There is clearly room for Malaysia to improve the World Bank’s ease of doing business ranking (12th in 2020).
Malaysia needs to remove the impediments to investment in some areas. These include:
> In starting a business, cumbersome procedures to start a business must be eliminated. Malaysia ranks 126th on this indicator, taking 8.5 procedures and 17.5 days to start and operate a business;
> Paying taxes: Malaysia ranks 80th on this indicator as domestic companies spend an average of 174 hours annually to comply with fiscal obligations, more than the OECD high-income average of 159 hours; and
> Legal rights and enforcing contracts.
There have been no reforms in these areas over the last five years and hence, it is crucial to enhance regulations to protect the rights of lenders and borrowers, and improve the efficiency of the judicial system.

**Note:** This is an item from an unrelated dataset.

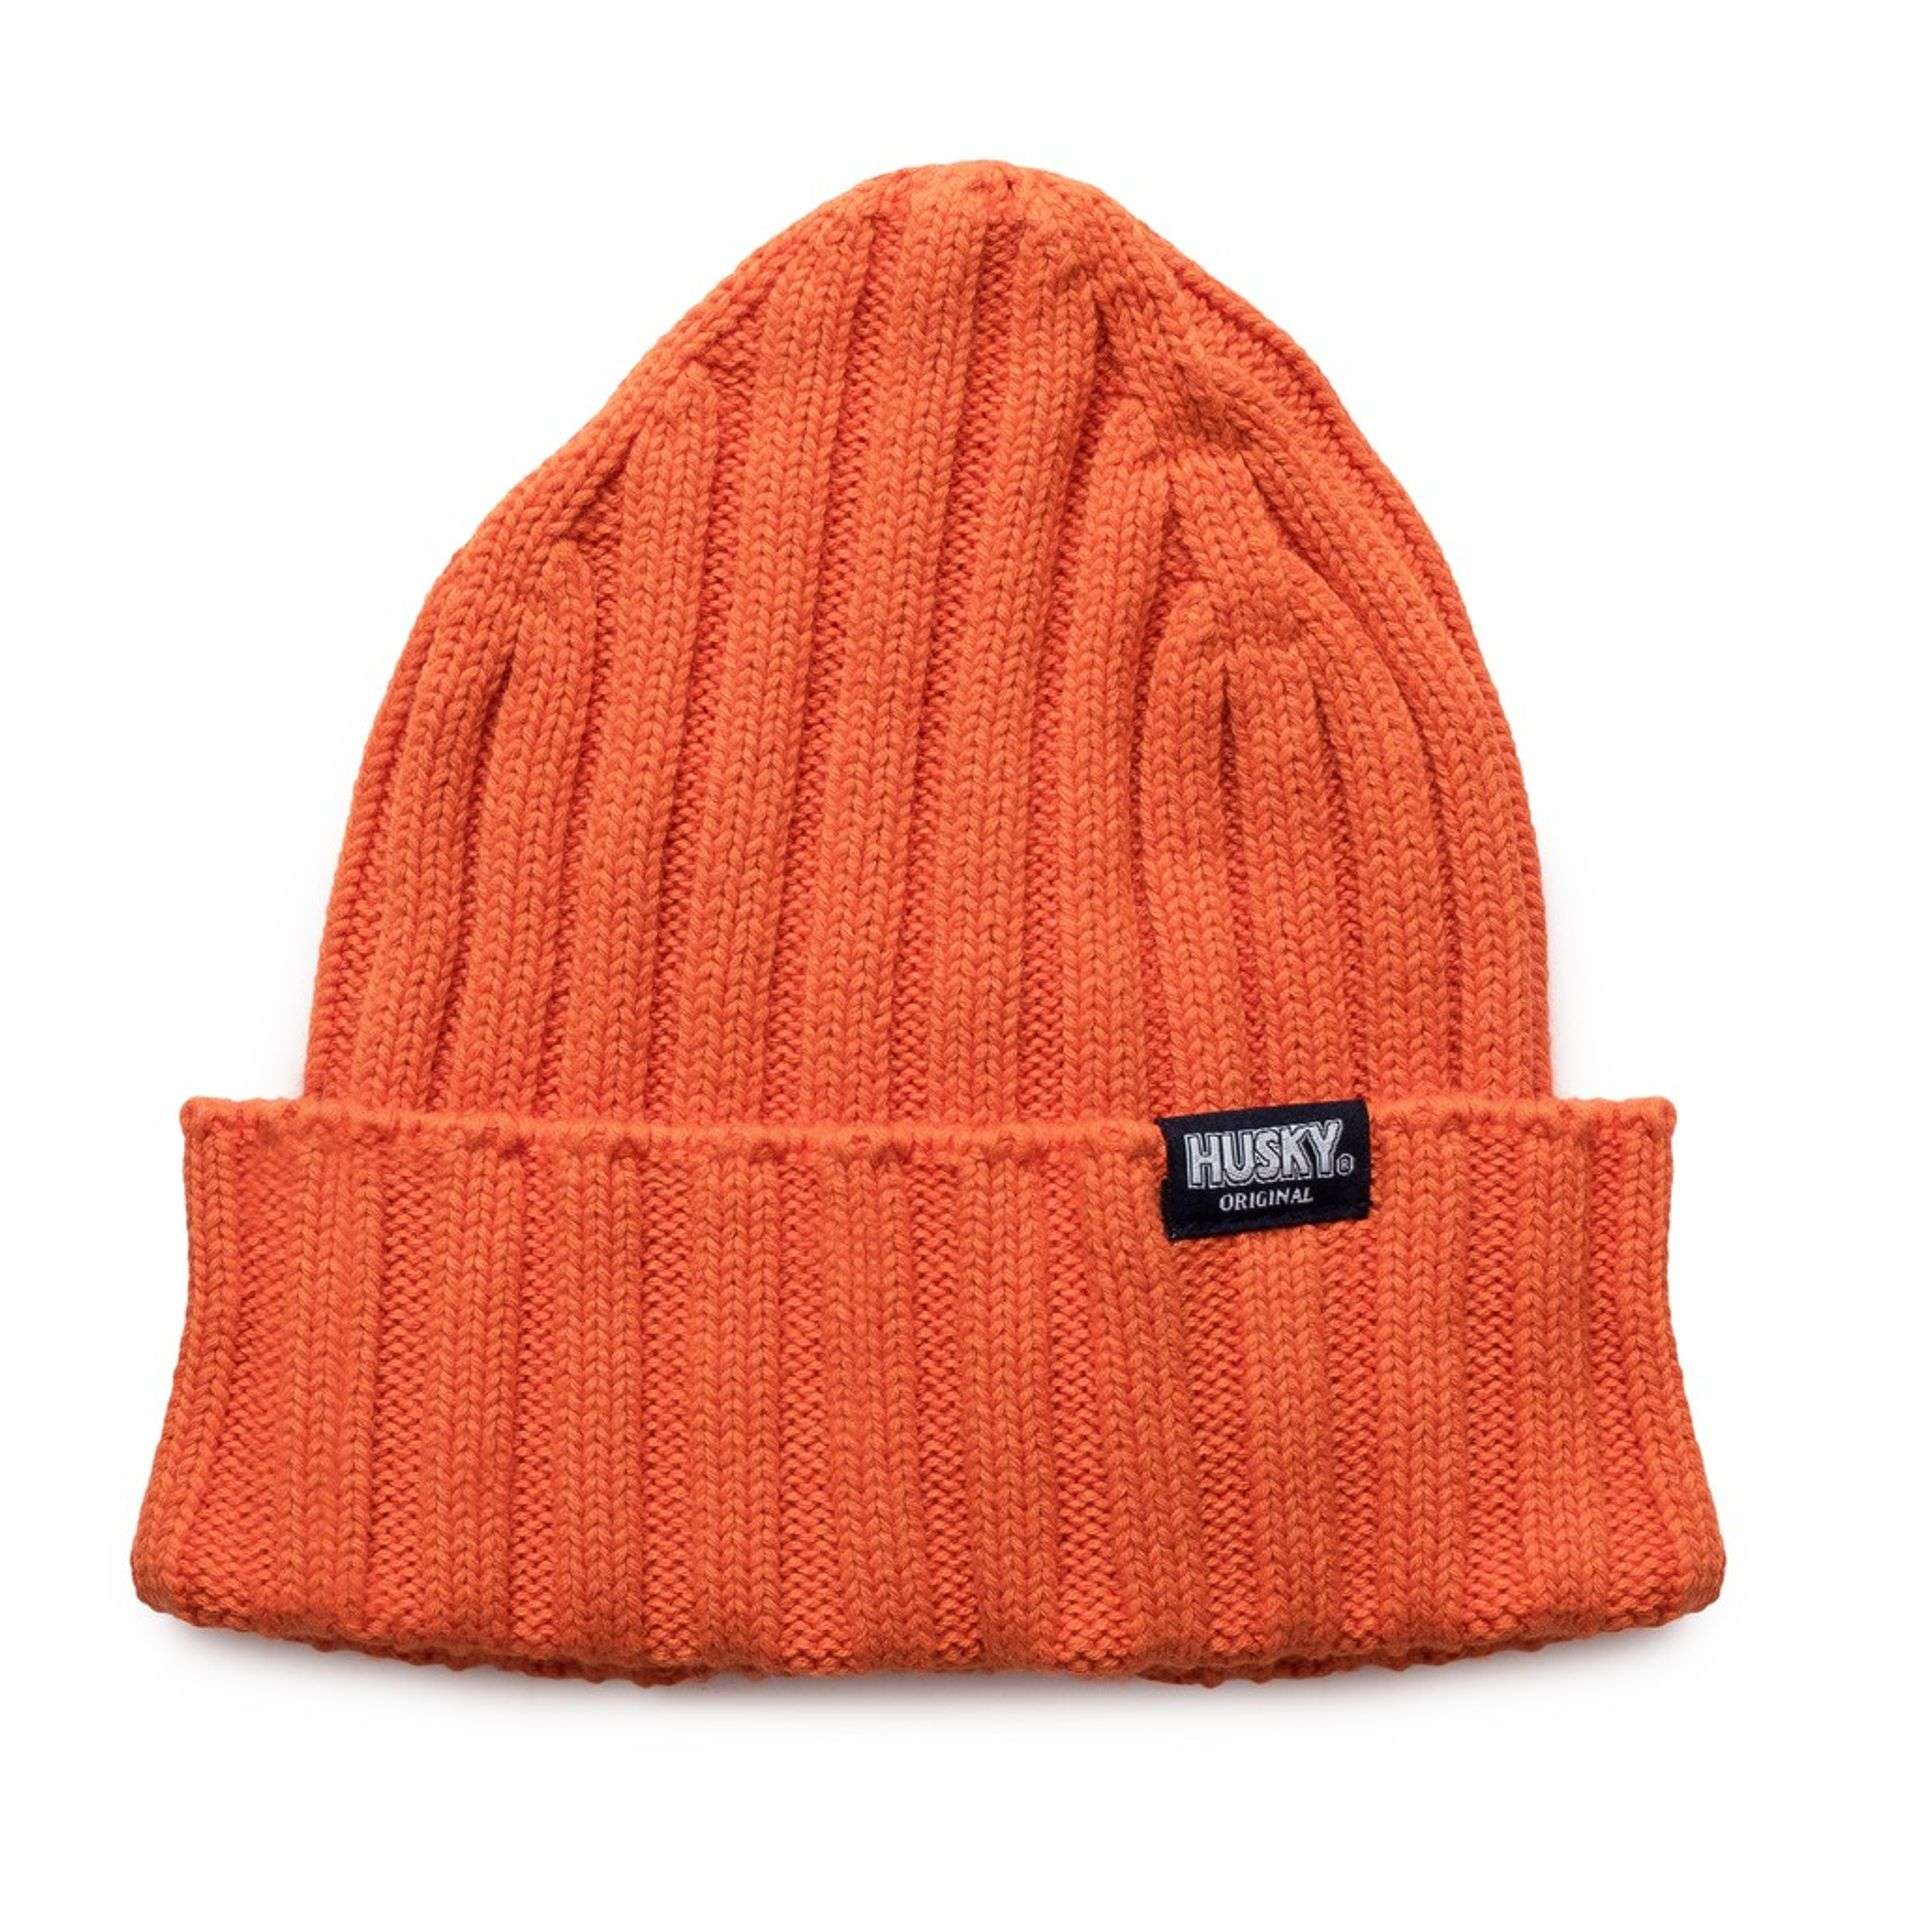 Husky Mütze orange

For instance, the time needed to enforce a contract in Malaysia has taken 425 days compared to Thailand’s 420 days and Indonesia’s 403 days.
Recently, our government announced several heartening measures to entice new investments. These include: zero tax rate for 10 years to 15 years for the re-shoring of capital investment from abroad to Malaysia; a 100% investment tax allowance and special reinvestment allowance; and a two-day manufacturing license for non-sensitive industry.
These initiatives must be well executed without any delay as our competitors in this region have also stepped up to their plates.
*Lee Heng Guie, a former chief economist at CIMB, is executive director of private think tank Socio-Economic Research Centre, ACCCIM. The views expressed here are the writer’s own.